Brought to you by NumFOCUS Foundation and O’Reilly Media Inc.
The official Jupyter Conference
August 22-23, 2017: Training
August 23-25, 2017: Tutorials & Conference
New York, NY

Faster prototyping in Jupyter

Moderated by: Andrey Petrin

Who is this presentation for?

Analysts and Data Scientists that want to

Prerequisite knowledge

Basic Jupyter, JupyterHub and Python. My talk is mainly conceptual, I will cover key code snippets, but the goal is to share the approach without focus on any particular realisation

What you'll learn

* Jupyter allows very quick prototyping without backend-frontend knowledge * You can share Jupyter notebooks' environment using Everware * You can create website-like interfaces in Python with very little coding

Description

Big Data analytics is already outdated at Yandex. We need insights and action items from our logs and databases. In this new environment speed of prototyping comes to the first place. I’m going to give an overview how we use Python and Jupyter to create prototypes that amaze and inspire real product creation.

Role of quick prototyping
In a leading IT companies almost any idea could be implemented. But how to decide which of those brilliant plans to undertake? And what if you are an self-sufficient analyst that is facing a completely new challenge every week? Today we are creating an automated self-compiling PowerPoint presentation for our CTO, tomorrow we are creating an URL thematics classifier for the whole Internet, and the day after we need to visualize some of your conclusions based on terabytes of logs.

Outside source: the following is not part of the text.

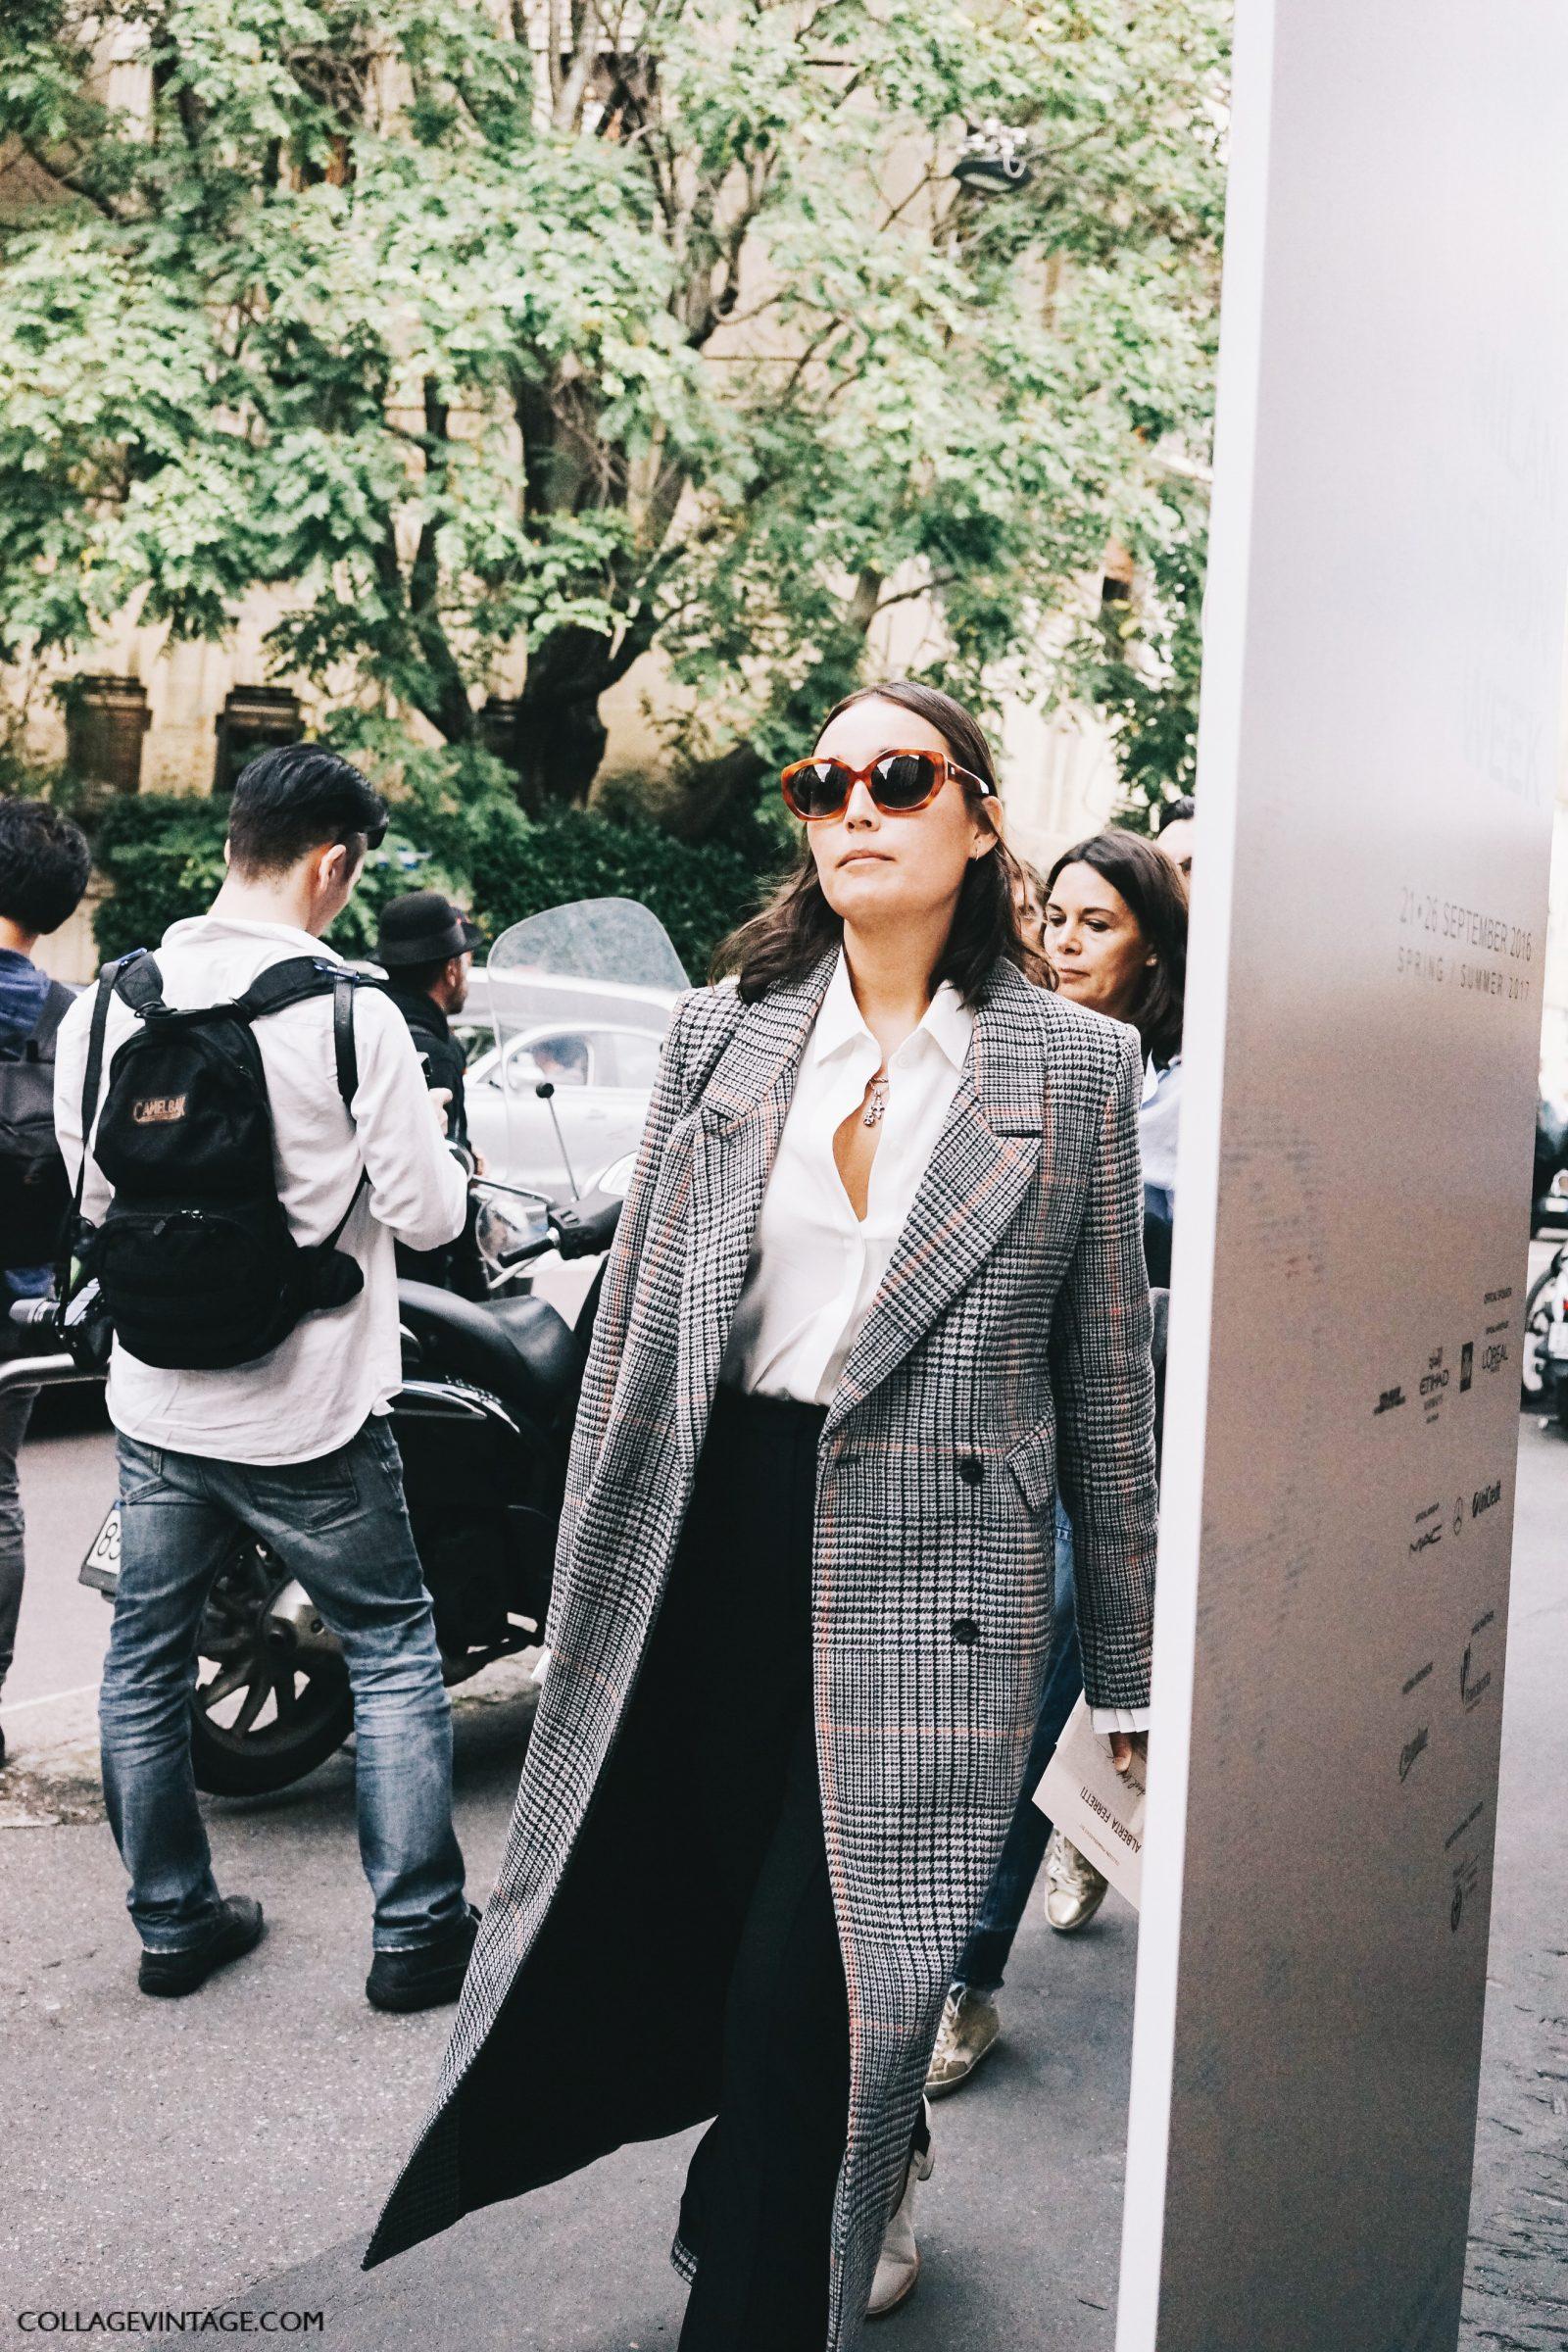 mfw-milan_fashion_week_ss17-street_style-outfits-collage_vintage-gucci-numero_21-alberta_ferreti-138

The good way to solve it is to out-source, or ask a separate team to make a good-looking interface. But the best way is to do it this week, this day. And the Swiss army knife (that isn’t good; it is good enough) we are using is Python and Jupyter.

Case studies
Here is a number of cases that are solved with ease using Jupyter.

  • JupyterHub allows multiple users to run their scripts on the prepared machine with all nesesery libraries preinstalles. Everware project takes this concest and enriches it with Docker environment sharing.
  • Inline HTML forms that make you Notebook work interactively and allow smooth data input in production-scale
  • Progress bars make data analysis predictable.
  • Plotly visualisations with direct connectors from Pandas Dataframe allows to embed complicated graphs into our task tracker, giving other people explore your data.